エルザの視線を、ハイディはしっかりと受け止めた。彼女はきょとんと眼を丸くして、それからゆっくりと微笑む。それまでの天真爛漫な様子とは違う、大人びた表情だった。
「……僕はね、百年前に救世の旅に同行したトレーネに育てられたよ。こう説明するとすごくいい魔女みたいだけど、トレーネは悪い魔女なんだ。それもとびきり悪い魔女だった」
光の魔力を制御できなかった王女は、魔女に預けられた。それもまた、人々の間で噂となっている。人間には使えない闇の魔法を、魔族の血を引く魔女は意のままに操ることができる。光の魔力と正反対の性質を持つ闇の魔法だからこそ、王女の魔力を制御することができたのだ。
「どうしてトレーネが悪い魔女だと思う?」
ハイディは問い掛ける形を取ったが、答えを求めている訳ではないらしく、誰かが口を開くよりも早く、言葉を続けた。
「……トレーネがそう決めたからだよ。だから、トレーネはとっても悪い魔女なんだ」
肩を竦めるようにして笑う。トレーネを悪い魔女だと語るハイディだが、その言葉には溢れるほどの親しみが込められているようだった。

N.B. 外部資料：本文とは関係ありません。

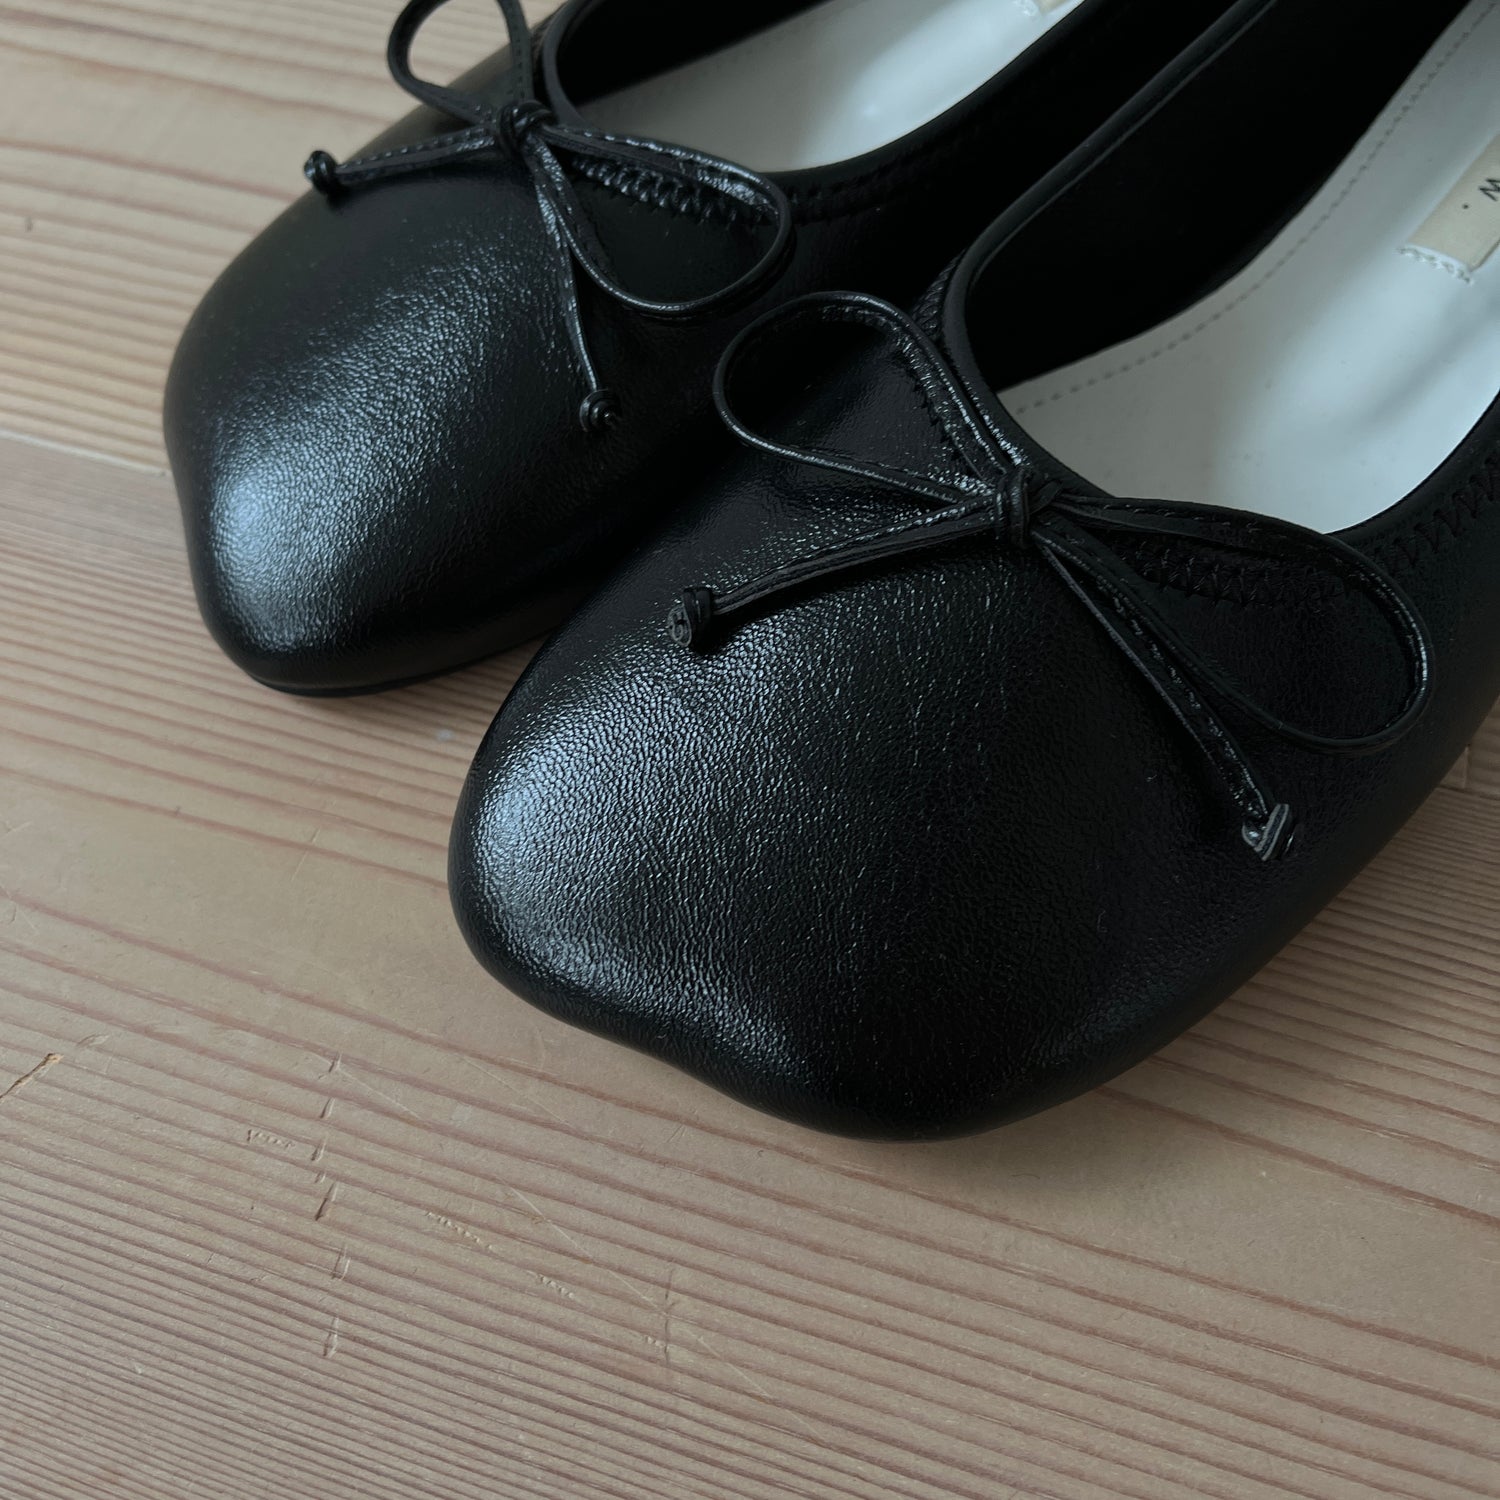 round square ballet shoes

「それでもトレーネは、確かに世界を救ったよ。そんな悪い魔女が救世に手を貸したくなる世界なんて、どんなに素晴らしいものだろう、と思った。だから、僕は旅立つことを恐れなかった。だって、ずっと広い世界を見てみたかったんだから」
「どう……でしたか? ハイディ様の目から見て、この世界は」
意気揚々と語る彼女に、エルザは恐る恐る口を挟んで問い掛ける。ハイディはどこか遠くを見るような目で、静かに語った。

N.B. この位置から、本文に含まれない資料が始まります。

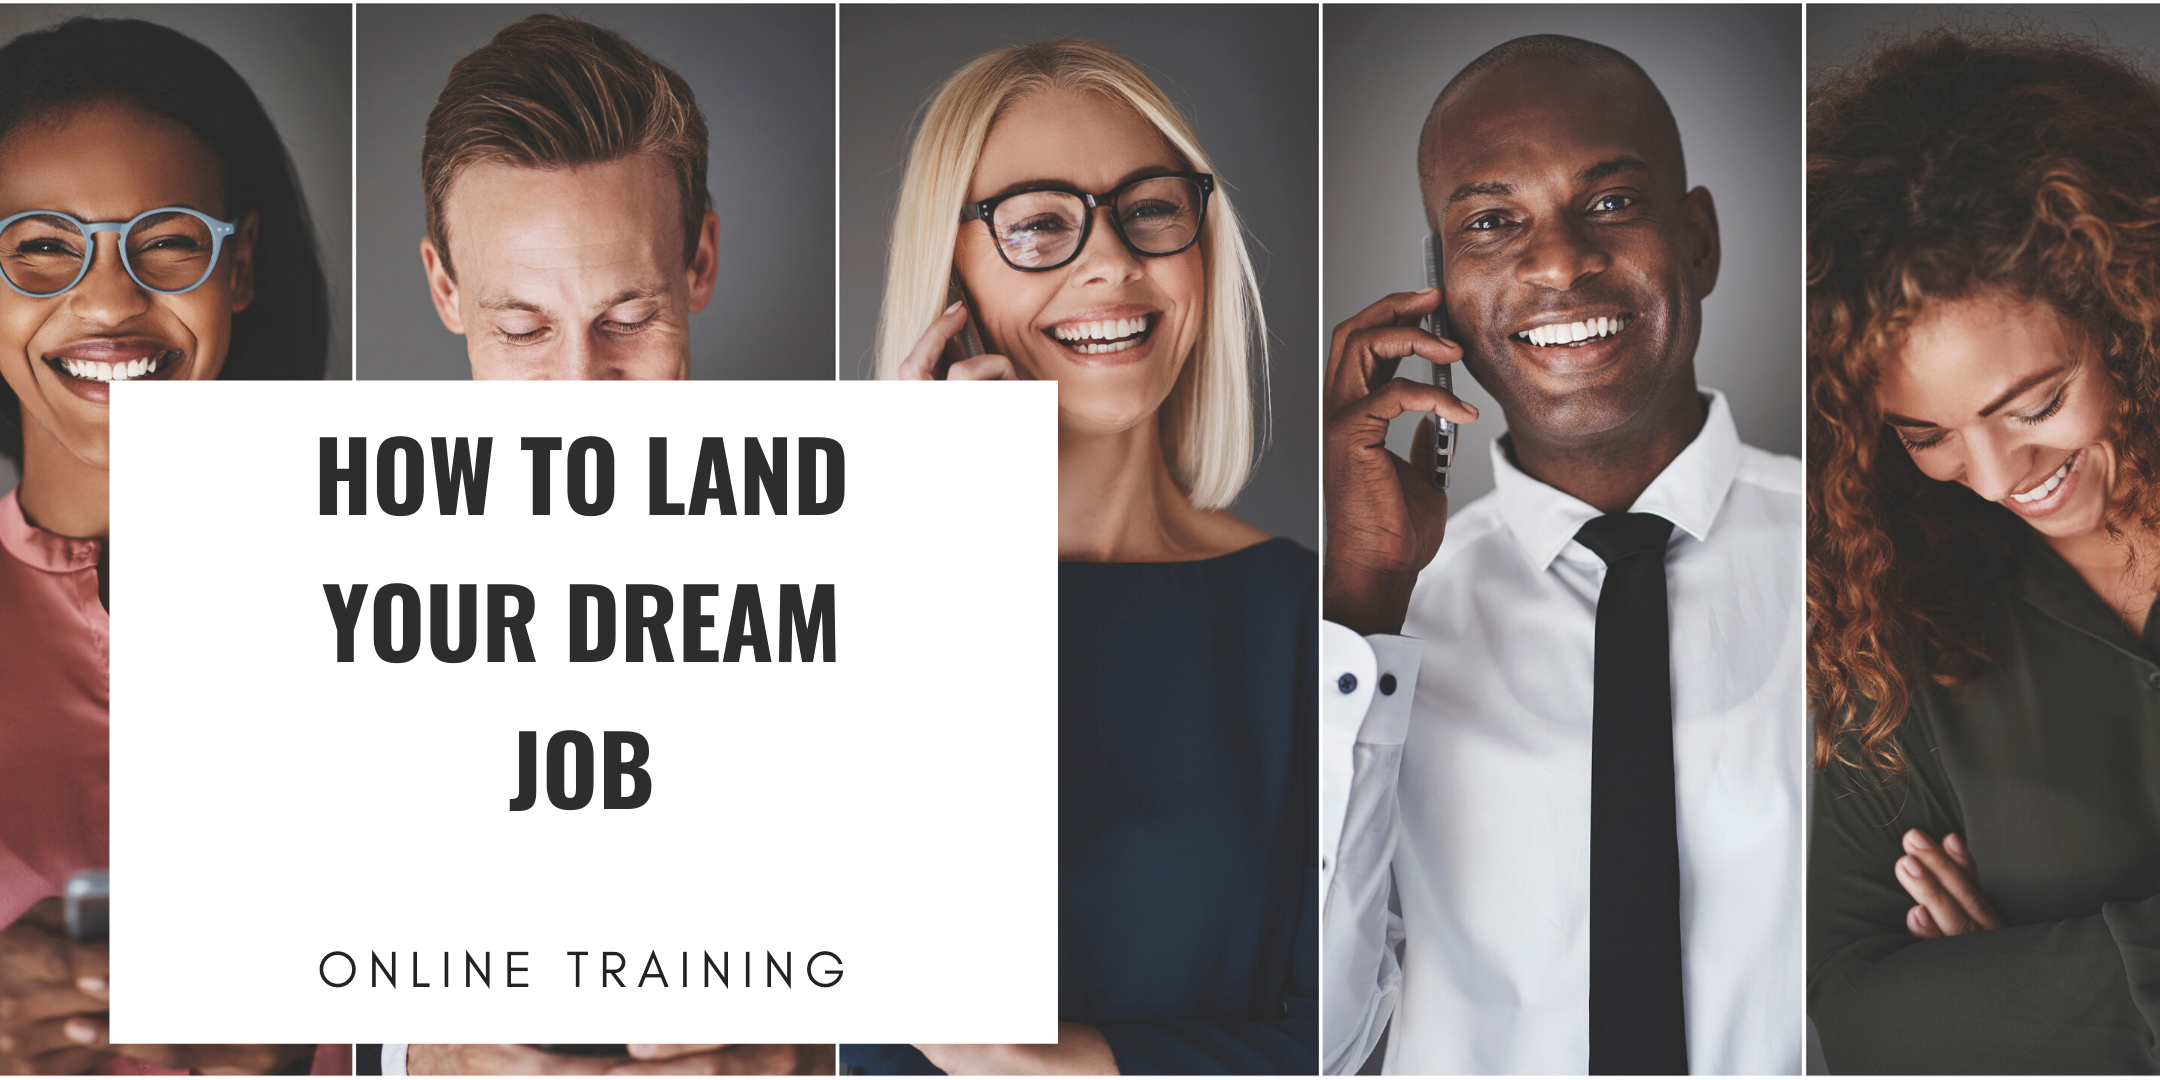 FREE TRAINING: HOW TO LAND YOUR DREAM JOB (CAREER WORKSHOP) Akron, OH

「恐ろしくて、冷たくて、どうしようもないくらい寂しいところだったよ。けれど、それ以上に優しくて、温かくて、愛しい場所だった。僕は、この世界を守れたことを誇りに思っている」
「――ああ」
静かな同意が、その場に落ちる。
「僕もそう思うよ」
そう口にするルーフェンの紫の瞳は、ハイディと同じ色をしていた。二人は同じ目線で、きっと同じものを見ているのだろう、と思う。
エルザはそのとき、強い疎外感を覚えた。けしてエルザが理解できないものを、二人は共有している。
頭の中に、いつかのルーフェンの言葉が蘇る。
『民意には逆らえなかったということかな』
それは、遠い国の王女と画家の婚礼の話をしていたときだった。
エルザは知っている。今、最も期待に満ちた民意がどういったものか。
民は望んでいる。かつてのような、幸福な結末を。
それは、聖女と勇者による幸せな結婚式だった。